Q: For people who haven’t traveled through an airport in the last couple of years, how is their experience going to be different at National or Dulles?
A: Certainly at Reagan National with the completion of the new security checkpoints, the addition of the new concourse, I think folks are going to be really happy with their experience. But it’s a different flow of passengers, so they need to give themselves a little bit more time because it’s not exactly what they experienced on a pre-pandemic basis. I love to highlight the fact that we have been monitoring the customer feedback on those changes, and we’re seeing a 96-percent positive reaction to the new checkpoint. So in that way, I would say everything that’s happening at Reagan National, they’re going to be very happy and pleasantly surprised with the positive impact on the journey. The other aspect of it was, we almost doubled the amount of post-security concession opportunities at Reagan National by moving those checkpoints.
But of course, most importantly, they need to wear their masks. The mask mandate is still in place. And also think very strongly about making a parking reservation. With so much leisure travel, we are seeing our parking garages already filling on weekends so far in 2022, and that is likely to continue to be a trend. So if folks want to have the peace of mind and the guarantee that they have a space, they should definitely make a reservation.
Q: On the concession side, how healthy is that? Have you seen people go out of business? Have you seen new concessions come in?
A: The pandemic has been a really scary time for our concessionaires. At one point, probably 85 percent of them had closed their doors and were sitting on the sidelines trying to figure out what to do and how to keep their businesses viable. The airports authority was very thankful for the fact that the federal government stepped in and provided a significant amount of financial support to the airports, because that allowed us to turn around and be very generous with our partners. So we’re happy to say that virtually all of our concessions partners are still viable businesses. Close to 95 percent, if not more, are now open again and operating.

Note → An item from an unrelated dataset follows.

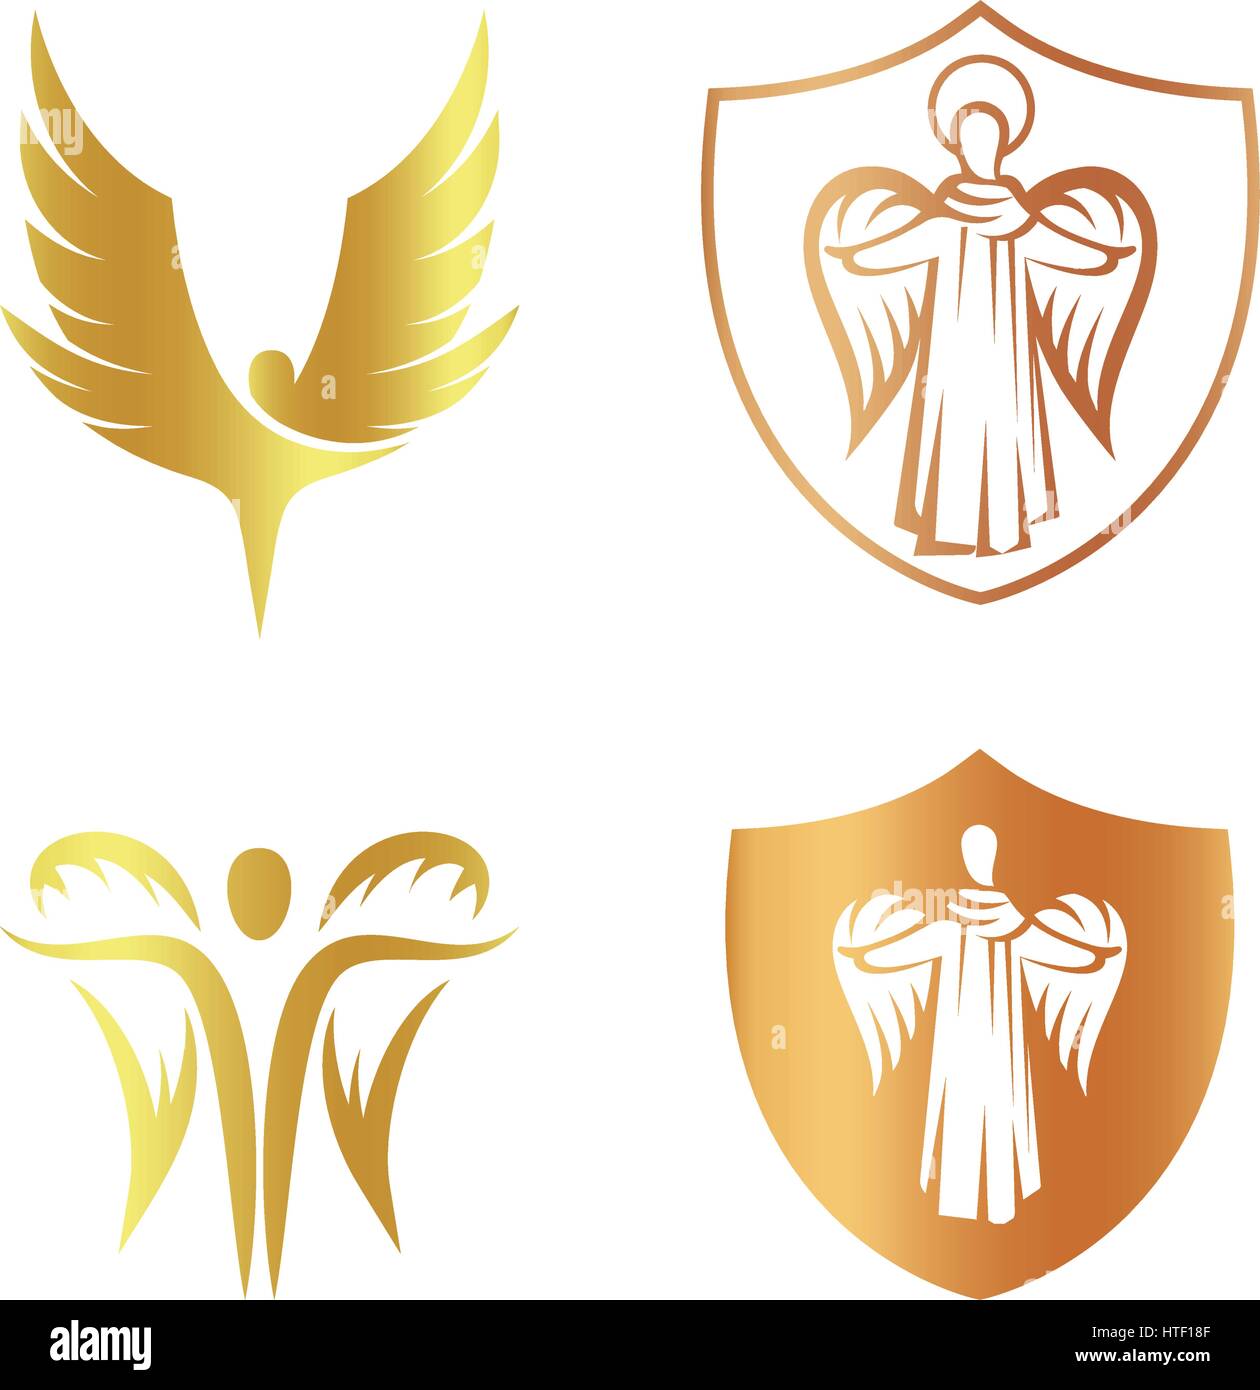 Isolierte goldene Farbe Engel Silhouette Logo Set, Schild mit religiösen Element Logo Kollektion, Arm mit Erzengel-Vektor-Illustrationen auf weißem Anstrich. Stock Vektor

Q: Do you feel like there’s going to come a point by the fall where you’ll be able to look back and say, “We’re really back in the swing of things here”?
A: We are seeing our customer satisfaction numbers are doing well. And in some ways, you know, the lower passenger count helped that, because it’s not as crowded. They’re finding a nice seat, and they’re able to get through their concession lines very quickly. So in that sense, I think our customers are actually having a better experience and really appreciating everything that’s happening in the airports.
I like to be optimistic and think by the end of this year, we will be approaching pre-pandemic levels of travel in certain months. Our forecast for the whole year is really to be back to about 80 percent of pre-pandemic levels, but that starts a little slower in the start of the year and kind of works its way all the way back to the top at the end of the year.